- Sire: Zabeel
- Grandsire: Sir Tristram
- Dam: Passefleur
- Damsire: Vice Regal
- Sex: Mare
- Foaled: 2 November 1992
- Died: 22 September 2017 (aged 24)
- Country: New Zealand
- Colour: Brown
- Breeder: J. Broome
- Owner: A. K. Burr, et al.
- Trainer: Brian Jenkins

Major wins
- Auckland Cup (1998) Melbourne Cup (1998)

= Jezabeel =

New Zealand-bred Thoroughbred racehorse

Jezabeel (2 November 1992 – 22 September 2017) was a top New Zealand thoroughbred racehorse who won the 1998 Melbourne Cup.

In April 1995, as a 2 year old, she won the listed 1600m Champagne Stakes at Ellerslie Racecourse. Later that year she went to Flemington but was last of seven in a 3YO fillies race.

In December 1997 she was second to Paddy O’Riley in the Manawatu Cup. On New Years Day 1998 she won the Auckland Cup, ridden by then apprentice jockey Opie Bosson, beating Aerosmith by a short neck with North Lady third.
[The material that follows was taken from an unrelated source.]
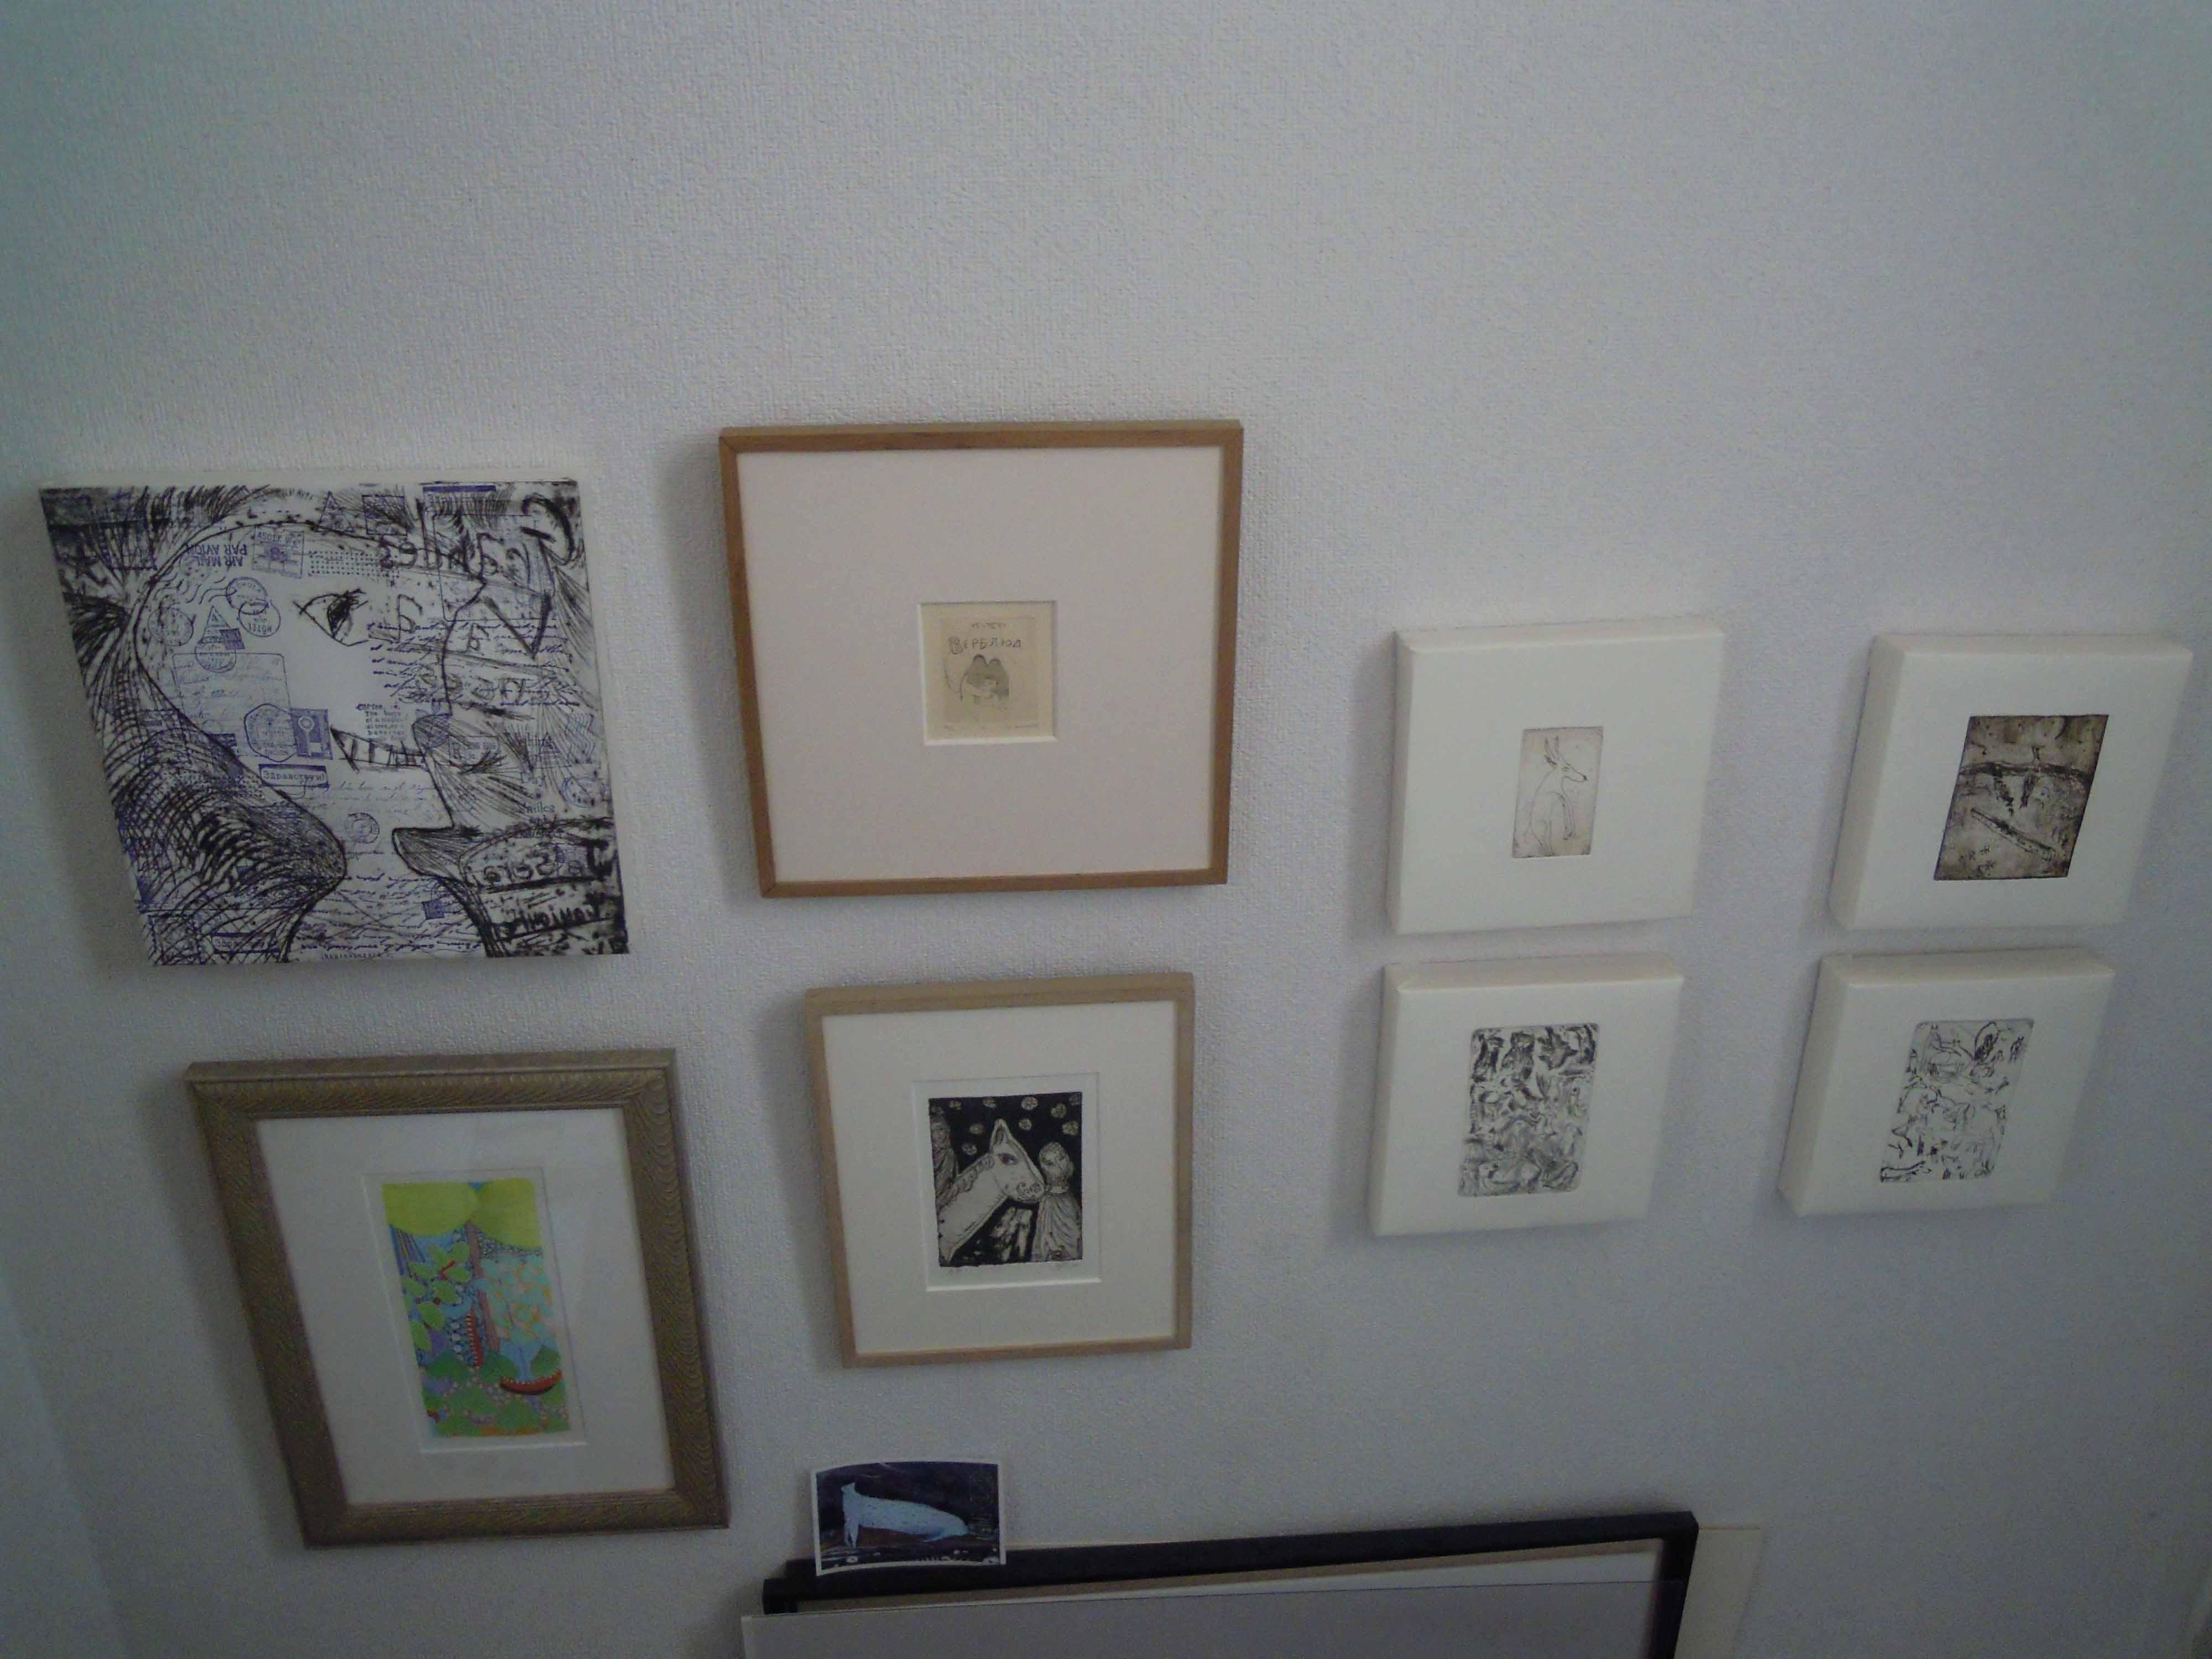 展覧会の作品の一部。_e0256436_648517.jpg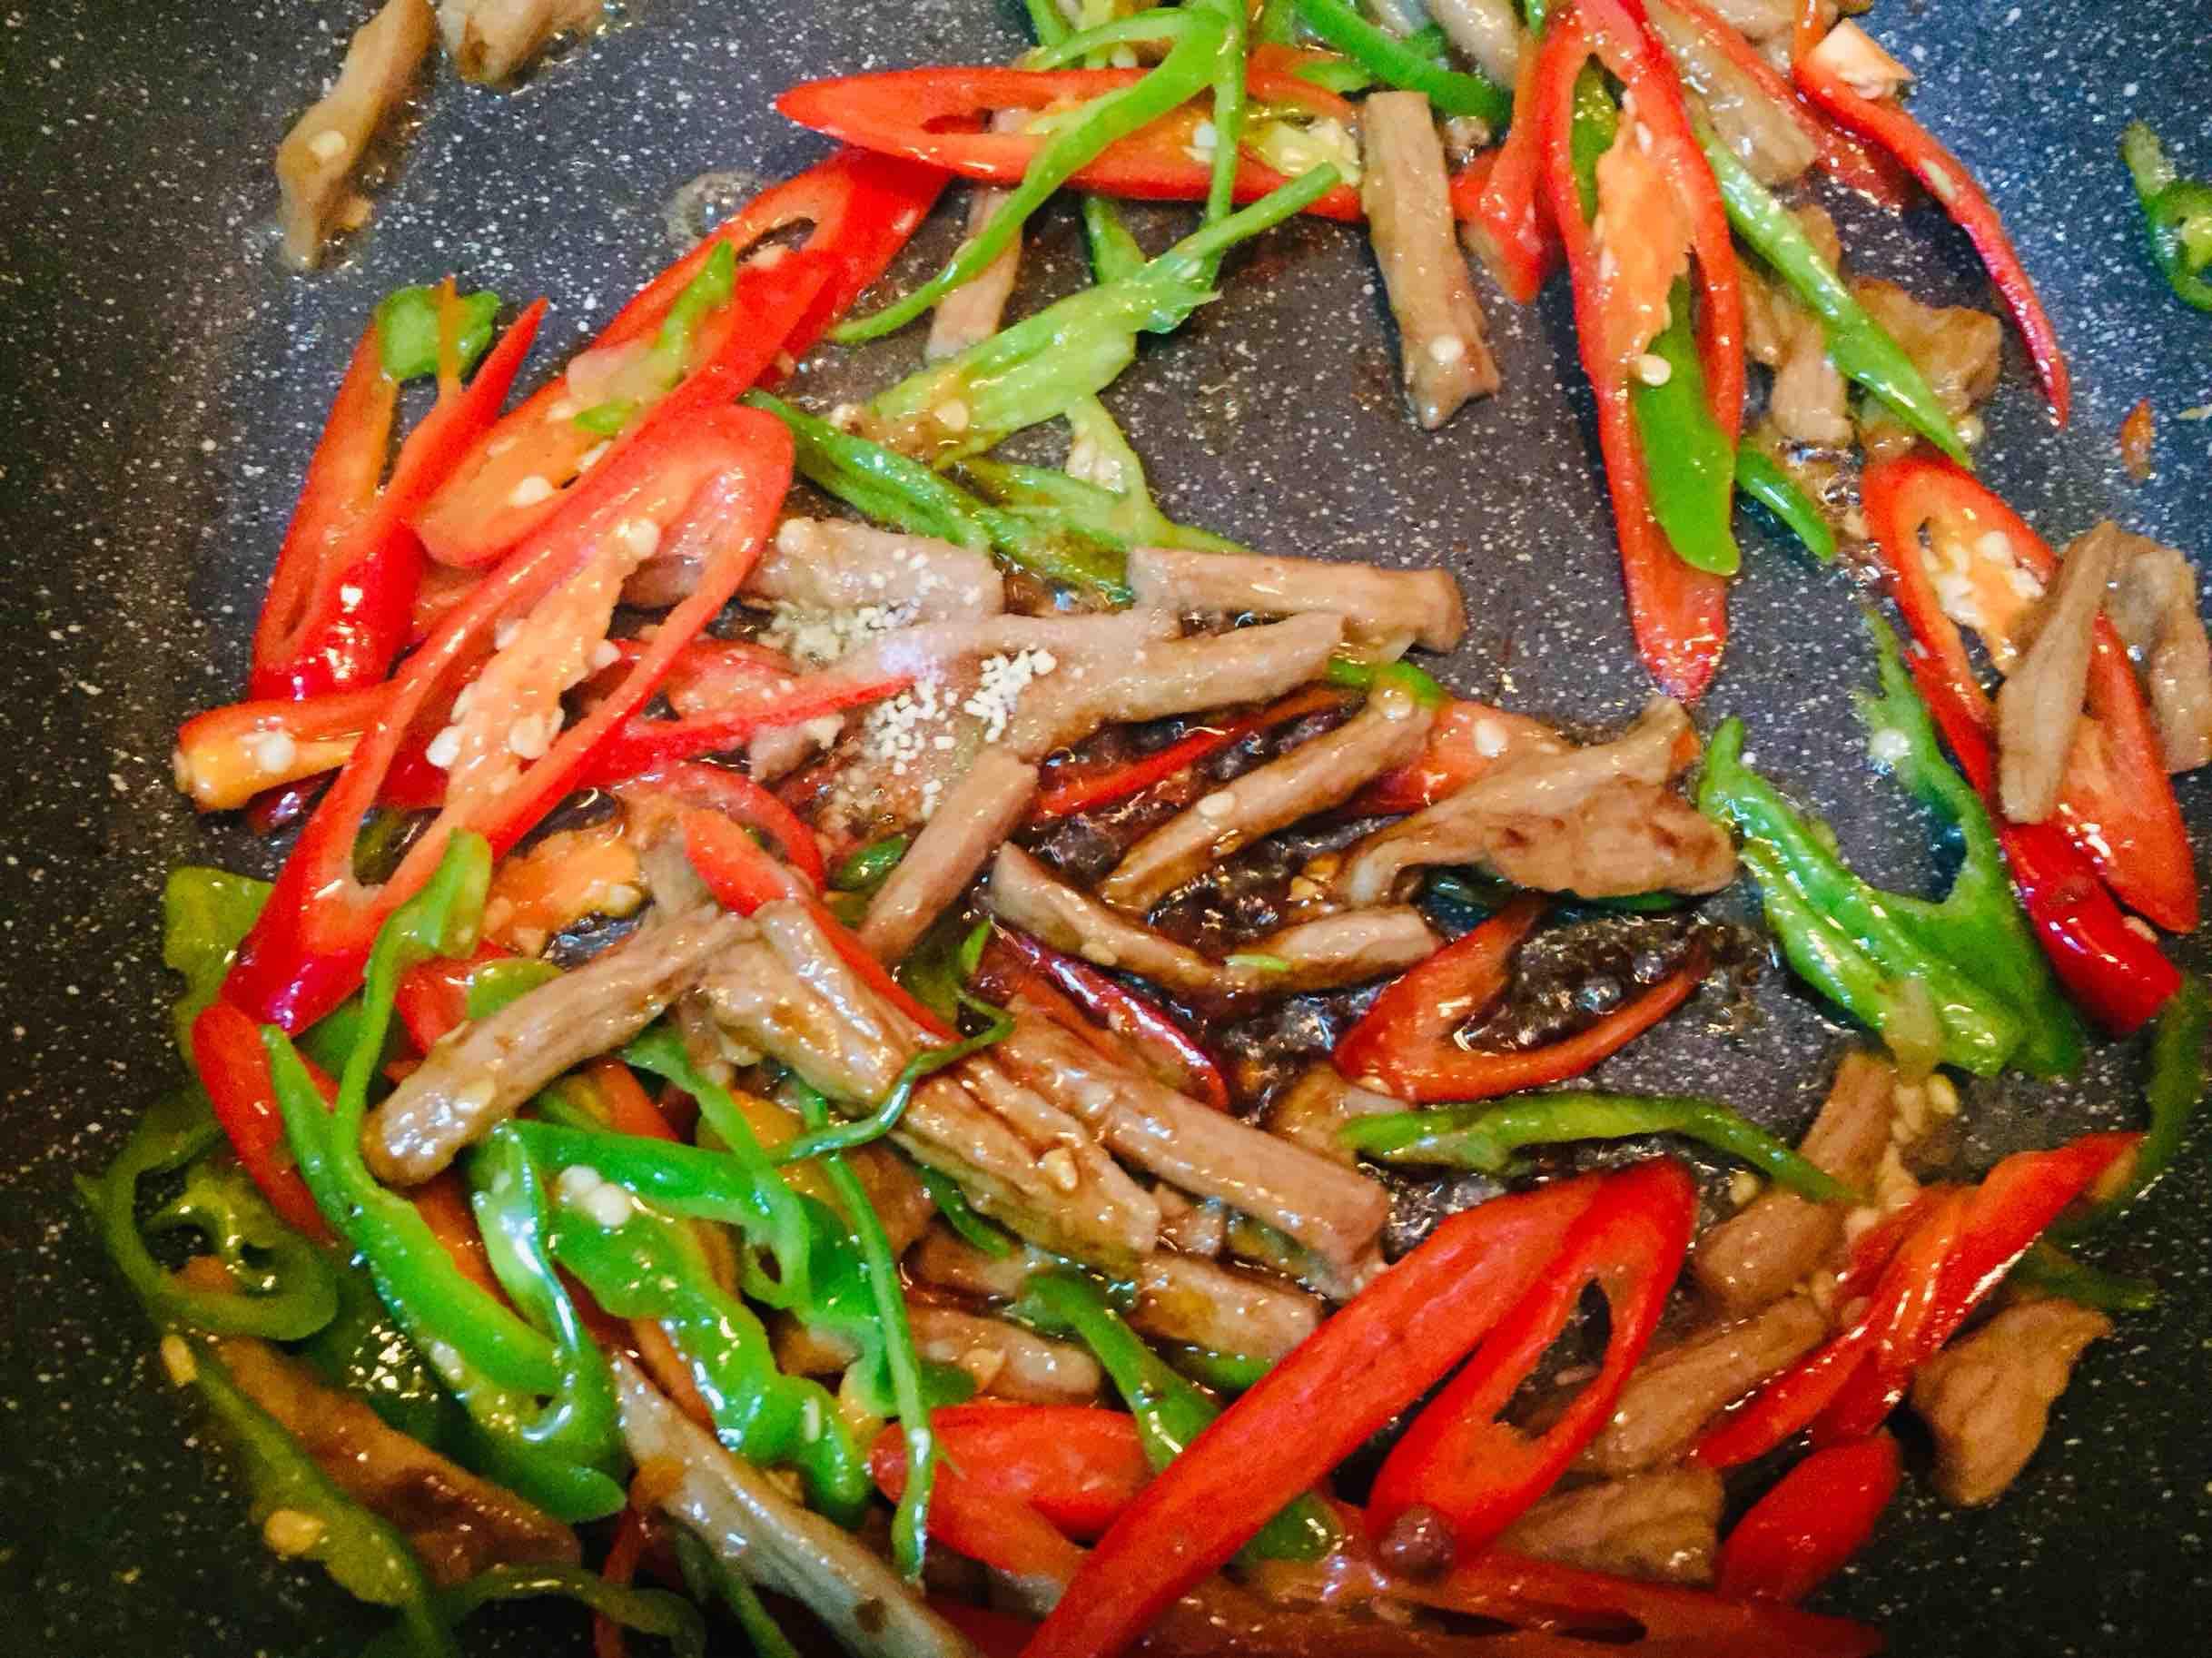 竹笋炒肉怎么炒

Jezabeel is the only horse to have won both the Melbourne Cup and the Auckland Cup.

Jezabeel was ridden by Chris Munce in the Melbourne Cup. She and Champagne delivered sweet revenge when fighting out the finish of the Melbourne Cup. The race provided a turn of fortune after both mares had suffered interference-caused by jockey Ray Cochrane on Taufan's Melody in the Caulfield Cup.

The Melbourne Cup victory was her last race. She won seven races in her career.